Поэт присел к торцу стола, поздоровался, опрокинул в рот поднесенную рюмку, зажевал тем, что попало под руку. Но оставался при этом по-прежнему мрачен, сцепленные челюсти явственно белели на худощавом лице.
— Его нельзя обижать, — сказала Белла, ласково проведя пальцами по жестким волосам своего бывшего мужа. — Вы знаете, ведь он — совсем ребенок!
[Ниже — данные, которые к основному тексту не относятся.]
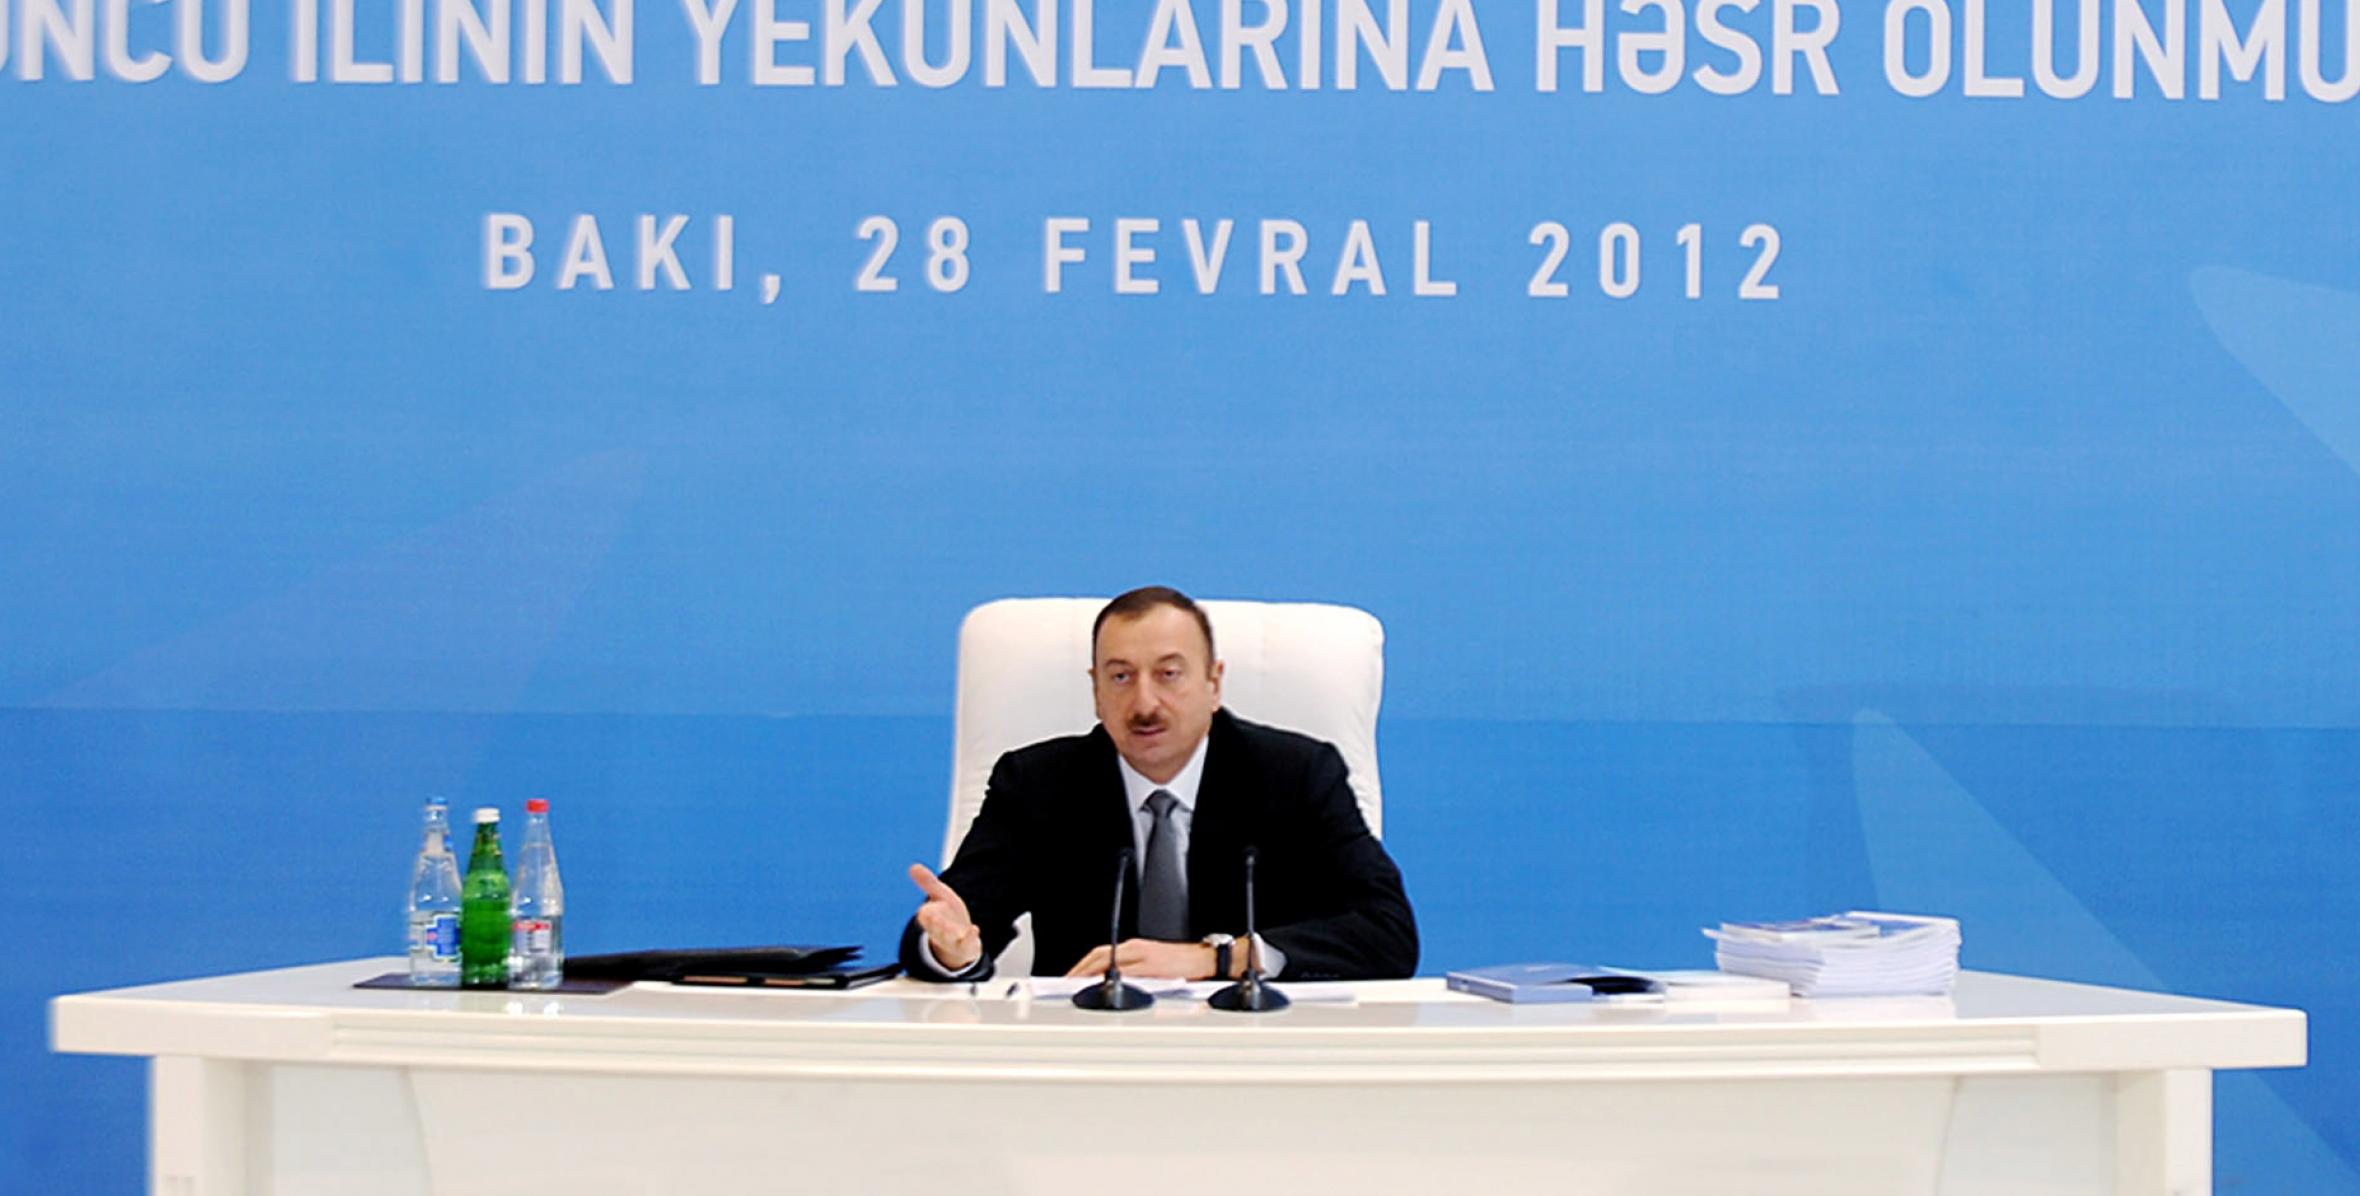 Заключительная речь Ильхама Алиева на конференции, посвященной итогам третьего года реализации «Государственной программы социально-экономического развития регионов Азербайджанской Республики в 2009-2013 годах»
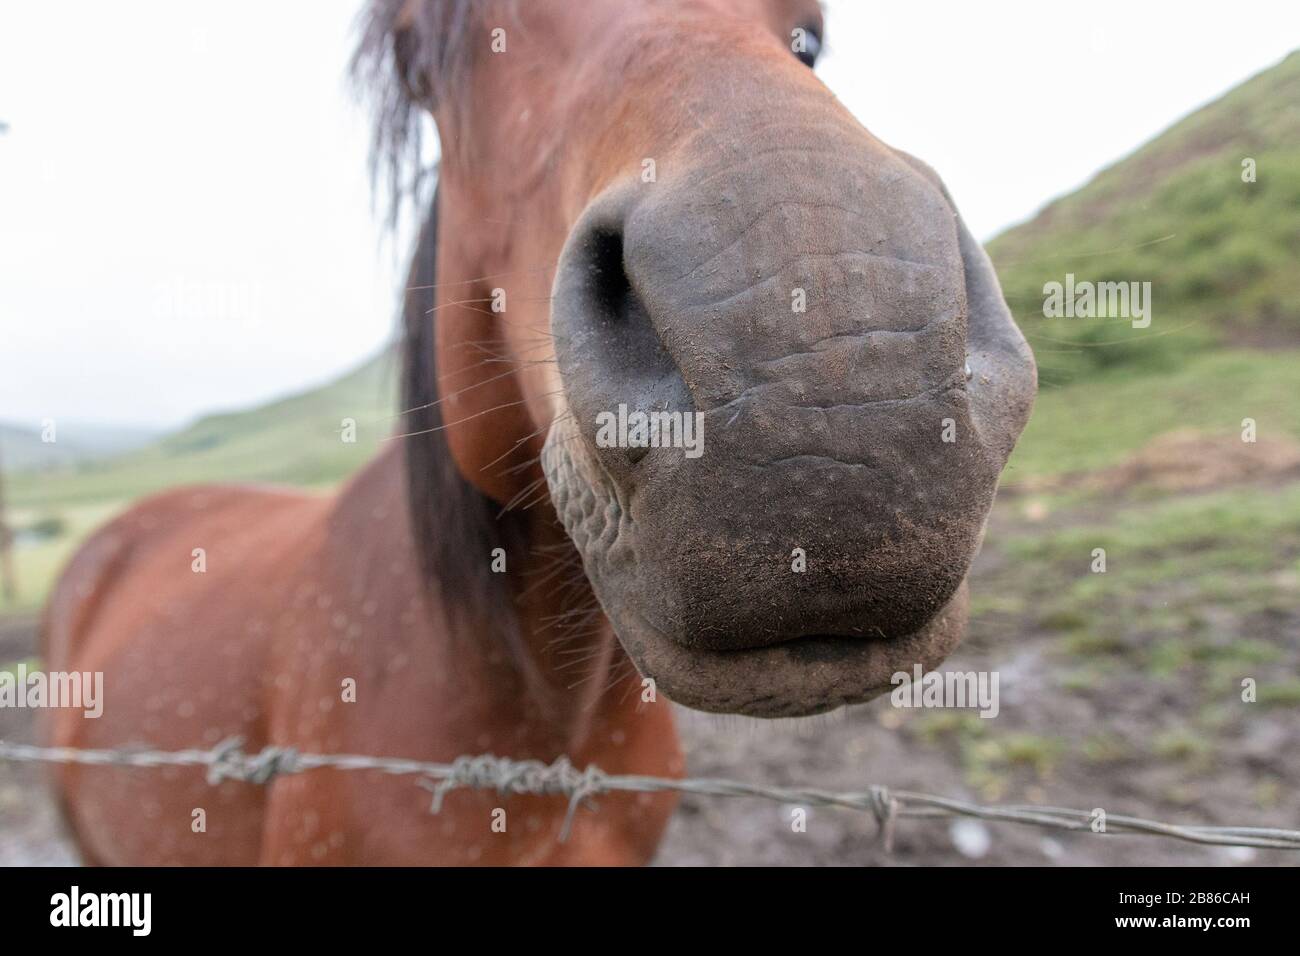 una vista de cerca de alguien tocando la nariz de un caballo de la bahía marrón mientras se encuentran en un fangoso potrero al aire libre Foto de stock

Иногда утром, проснувшись, я видела, как он у зеркала примеряет мои шляпки...
Юрий Нагибин, сидевший напротив меня, рядом с Тёмкиным, трясся от беззвучного хохота, плечи его прыгали, но при этом глаза были полны не веселья, а едва сдерживаемого бешенства.
Я поспешил увести взгляд, перебросив его на американского гостя, которому, наверное, были скучны и непонятны наши литературные и семейные дрязги.
Он оценил мое внимание и, наклонившись над столом, сказал:
— Во всем виноват Апухтин...
Опять он завел речь про соседа Петеньки Чайковского в дортуаре училища Правоведения.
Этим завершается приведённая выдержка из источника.